An important knowledge gap identified through this review is the absence of any studies examining dietary intake in males during the preconception period (i.e., the male partner of a woman trying to conceive), and despite having an important role to play in preconception, men have been largely overlooked in the literature to date (Kotelchuck & Lu, 2017). This represents a much needed area for future research, for several reasons. First, epigenetic changes to the DNA of spermatozoa may be accelerated through nutrition and lifestyle factors, and these changes may have long‐lasting transgenerational effects (Lane et al., 2014). Second, paternal obesity has implications for fertility, in particular, an association with disturbed endocrinology, erectile dysfunction, and increased sperm DNA fragmentation (El Salam, 2018). Indeed, reduced rates of clinical pregnancies in assisted reproductive cycles utilizing sperm of obese men have been observed (Mushtaq et al., 2018).
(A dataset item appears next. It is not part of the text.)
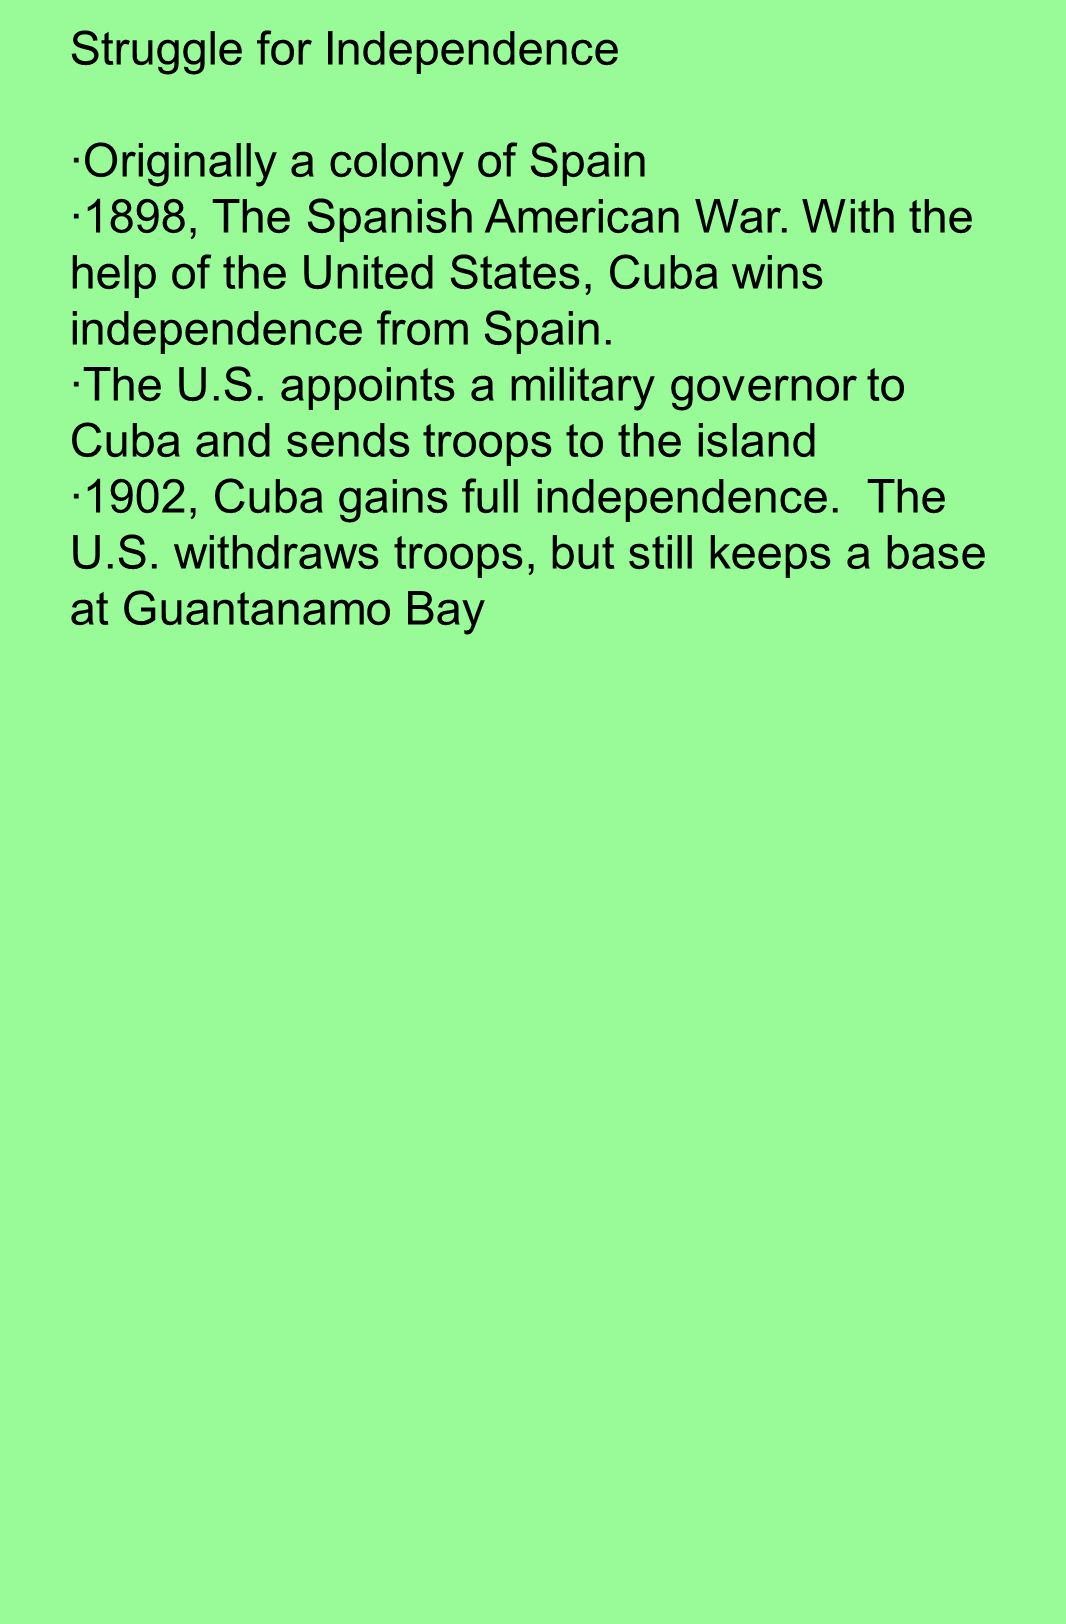 Cuba: The richest island in the Caribbean.

Evidence also suggests that the offspring of obese fathers may result in metabolic changes within the offspring and the subsequent inheritance of obesity (Craig et al., 2017). A better understanding of the nutritional status of males during the preconception period, as well as the factors impacting nutrition in this population, would help to provide a targeted approach for couples experiencing infertility.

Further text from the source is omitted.